**Information shown:**

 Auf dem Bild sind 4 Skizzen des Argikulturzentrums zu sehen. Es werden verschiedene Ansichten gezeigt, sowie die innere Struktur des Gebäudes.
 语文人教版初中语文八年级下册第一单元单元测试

--

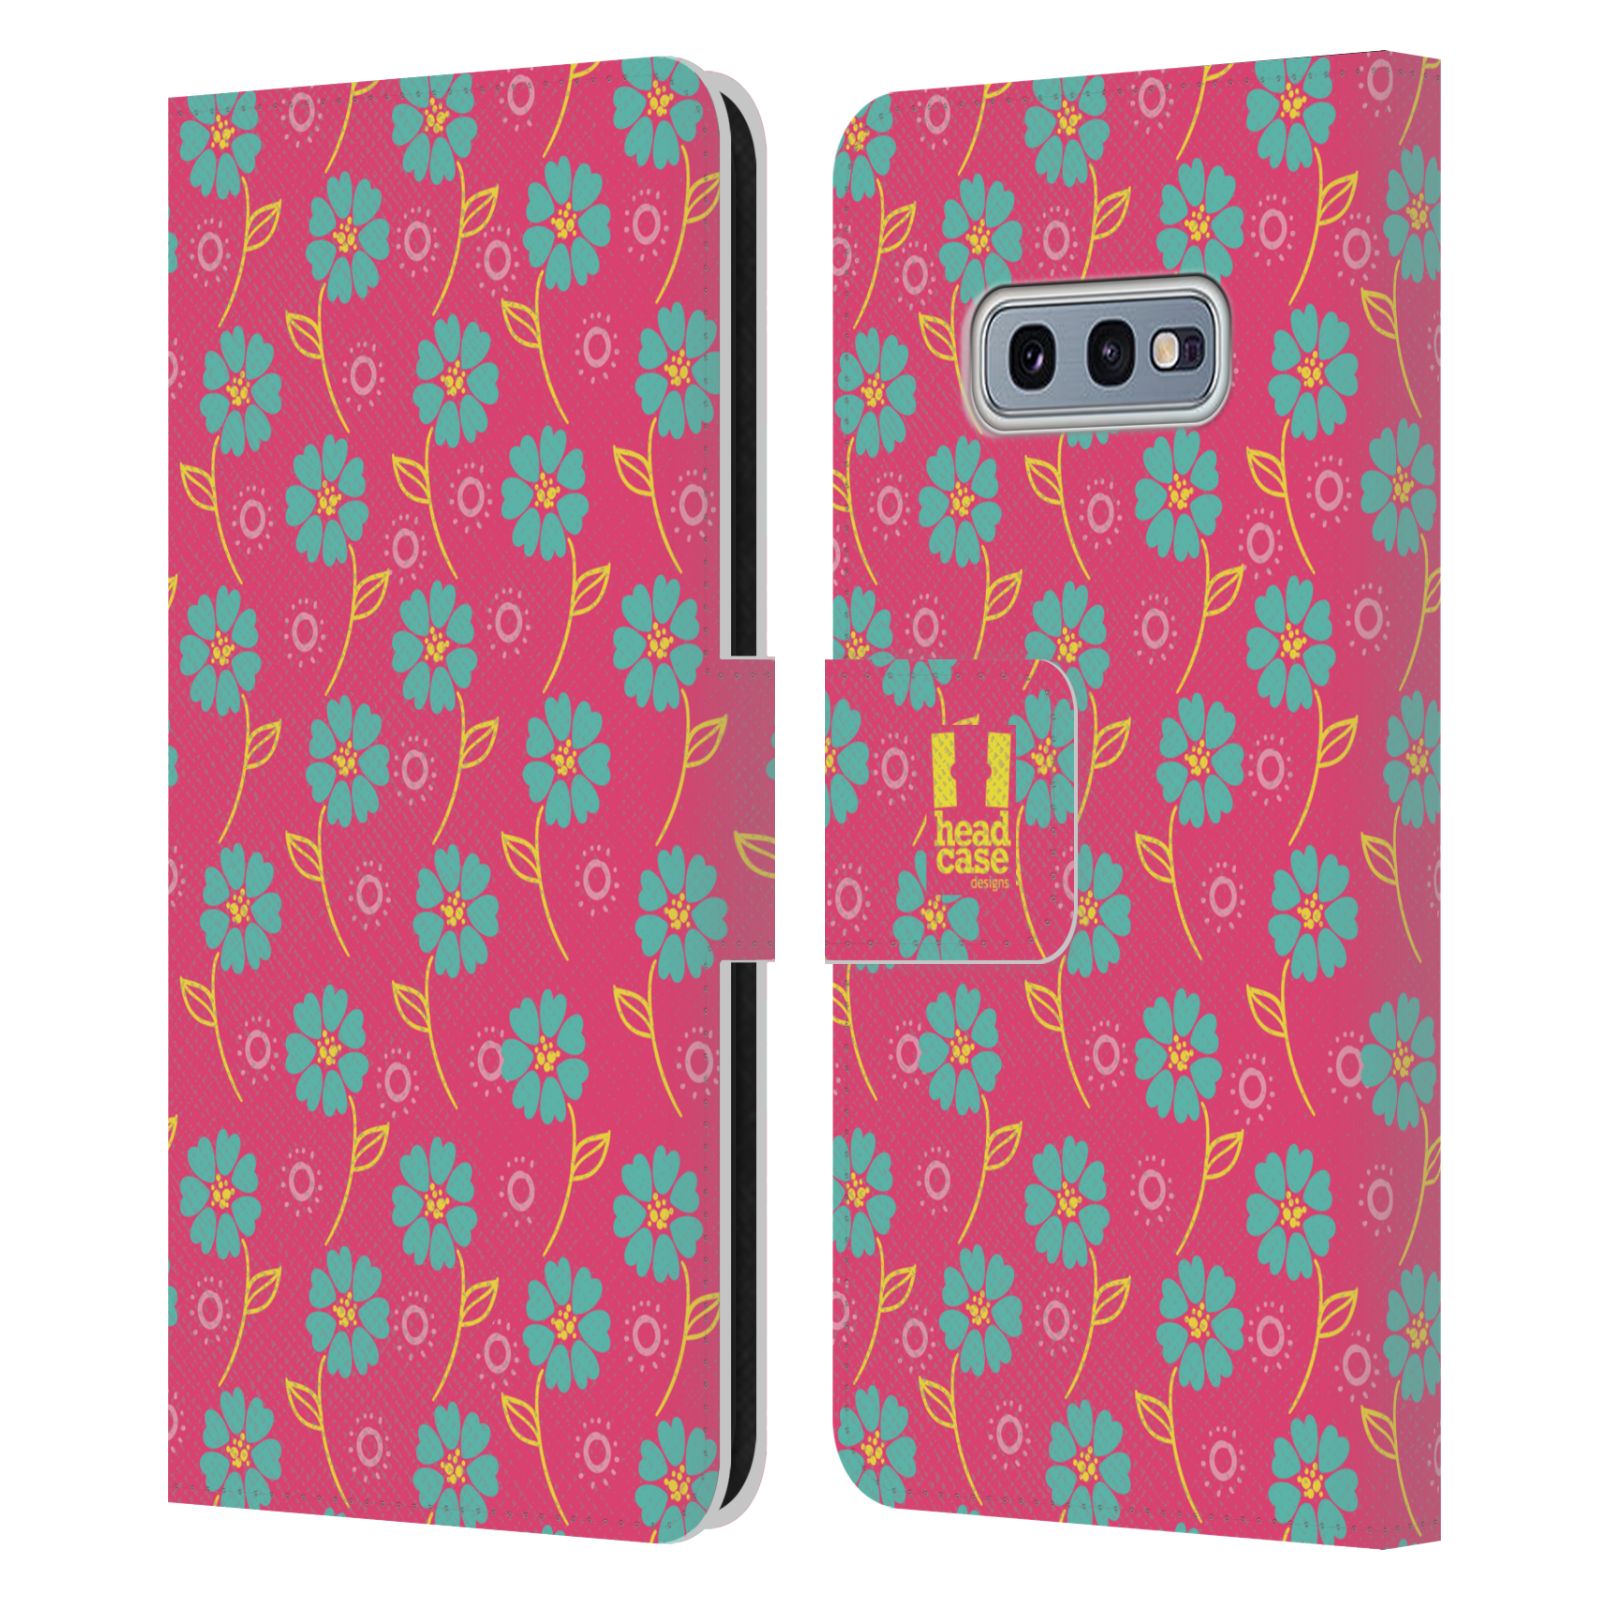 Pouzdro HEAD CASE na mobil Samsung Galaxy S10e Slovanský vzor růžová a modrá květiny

**What is needed:**
Going down the listing above, begin printing at the line with "Auf dem Bild" and finish with the line with "语文人教版初中语文八年级下册第一单元单元测试", exactly as they appear.

**Exercise output:**
 Auf dem Bild sind 4 Skizzen des Argikulturzentrums zu sehen. Es werden verschiedene Ansichten gezeigt, sowie die innere Struktur des Gebäudes.
 语文人教版初中语文八年级下册第一单元单元测试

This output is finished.